Bang Rak Phatthana (บางรักพัฒนา, /th/) is one of the eight subdistricts (tambon) of Bang Bua Thong District, in Nonthaburi Province, Thailand. Neighbouring subdistricts are (clockwise from north) Phimon Rat, Om Kret, Bang Rak Noi, Bang Rak Yai, Sao Thong Hin, Bang Mae Nang and Bang Khu Rat.
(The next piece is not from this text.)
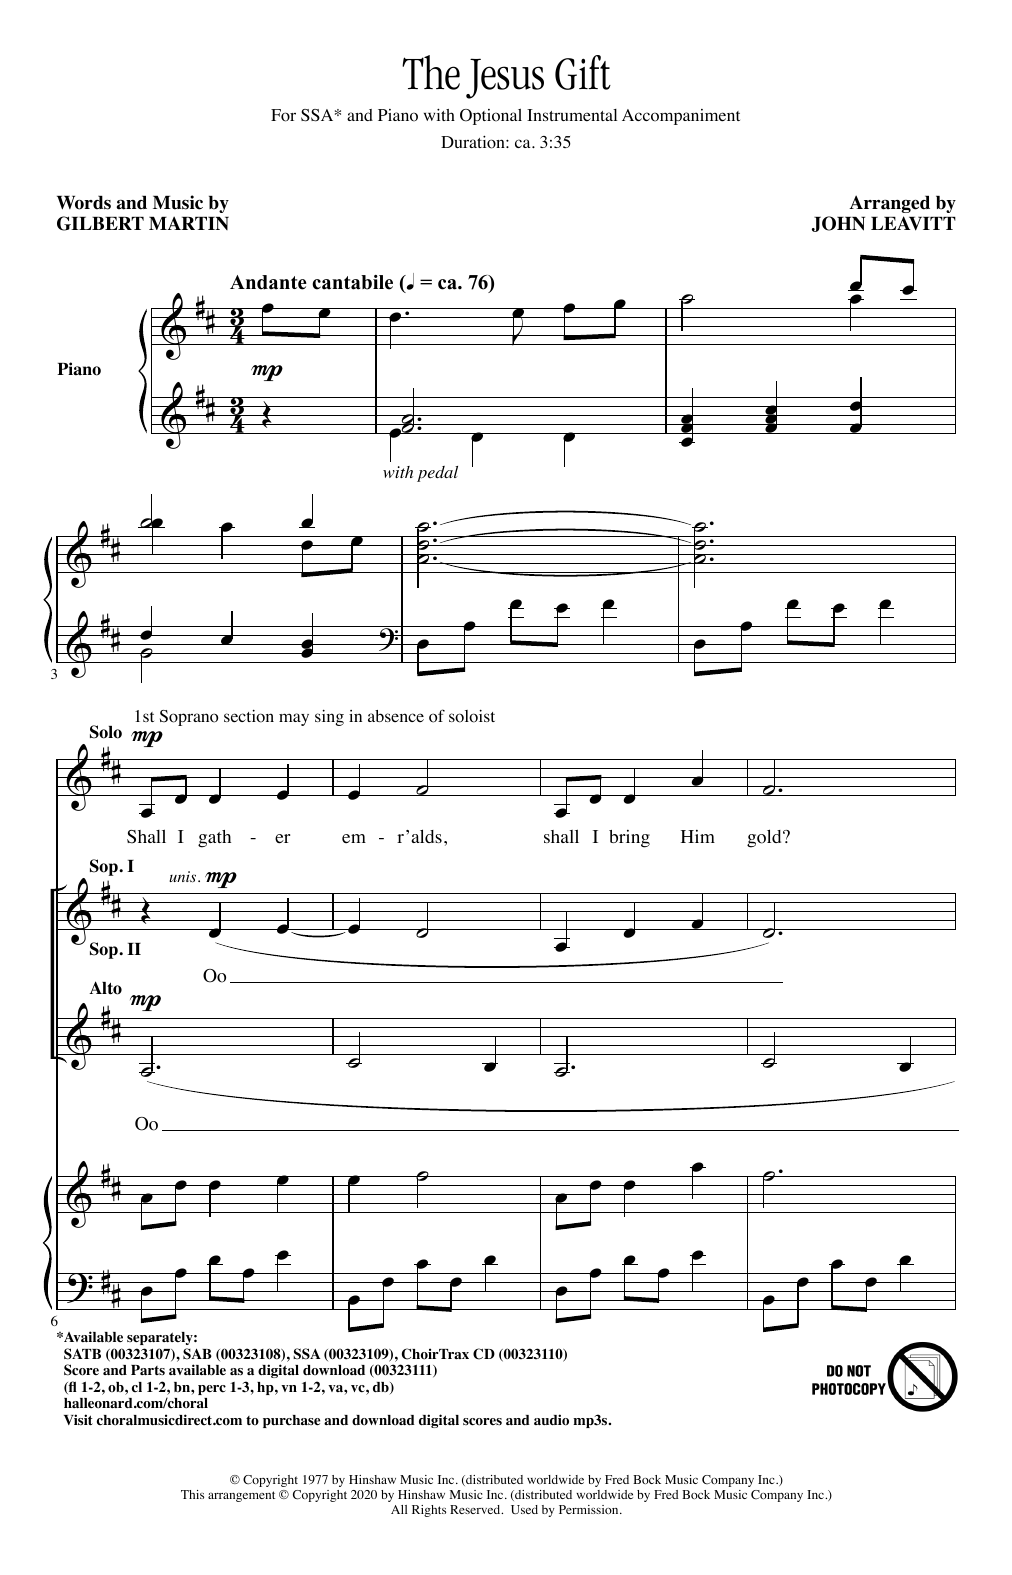 Gilbert Martin The Jesus Gift (arr. John Leavitt) Sheet Music Notes & Chords for SAB Choir - Download or Print PDF

In 2020, it had a total population of 73,369 people.

==Administration==
===Central administration===
The subdistrict is subdivided into 15 administrative villages (muban).

| No. | Name | Thai |
|---|---|---|
| 01. | Ban Nong Bua | บ้านหนองบัว |
| 02. | Ban Khlong Bang Phraek | บ้านคลองบางแพรก |
| 03. | Ban Khlong Nio Khom (Ban Nio Khom) | บ้านคลองนิ้วค่อม (บ้านนิ้วค่อม) |
| 04. | Ban Bang Phraek (Ban Khlong Bang Phraek) | บ้านบางแพรก (บ้านคลองบางแพรก) |
| 05. | Ban Khlong Bang Phai (Ban Bang Phai) | บ้านคลองบางไผ่ (บ้านบางไผ่) |
| 06. | Ban Sano Loi (Ban Ao Krathon) | บ้านโสนลอย (บ้านอ่าวกระท้อน) |
| 07. | Ban Lat Pla Duk (Ban Plai Khlong Bang Phai) | บ้านลาดปลาดุก (บ้านปลายคลองบางไผ่) |
| 08. | Ban Khlong Wat Lat Pla Duk | บ้านคลองวัดลาดปลาดุก |
| 09. | Ban Ubon Kan | บ้านอุบลกาญจน์ |
| 10. | Ban Bua Thong | บ้านบัวทอง |
| 11. | Ban Plai Khlong Bang Phraek (Ban Khlong Bang Phraek Ton Plai) | บ้านปลายคลองบางแพรก (บ้านคลองบางแพรกตอนปลาย) |
| 12. | Ban Rattanathibet (Ban Rattanaphirom) | บ้านรัตนาธิเบศร์ (บ้านรัตนาภิรมย์) |
| 13. | Ban Udom Buri | บ้านอุดมบุรี |
| 14. | Ban Kritsada | บ้านกฤษดา |
| 15. | Ban Rung Rueang | บ้านรุ่งเรือง |

===Local administration===
The area of the subdistrict is shared by two local administrative organizations.
- Bang Rak Phatthana Town Municipality (เทศบาลเมืองบางรักพัฒนา)
- Bang Bua Thong Town Municipality (เทศบาลเมืองบางบัวทอง)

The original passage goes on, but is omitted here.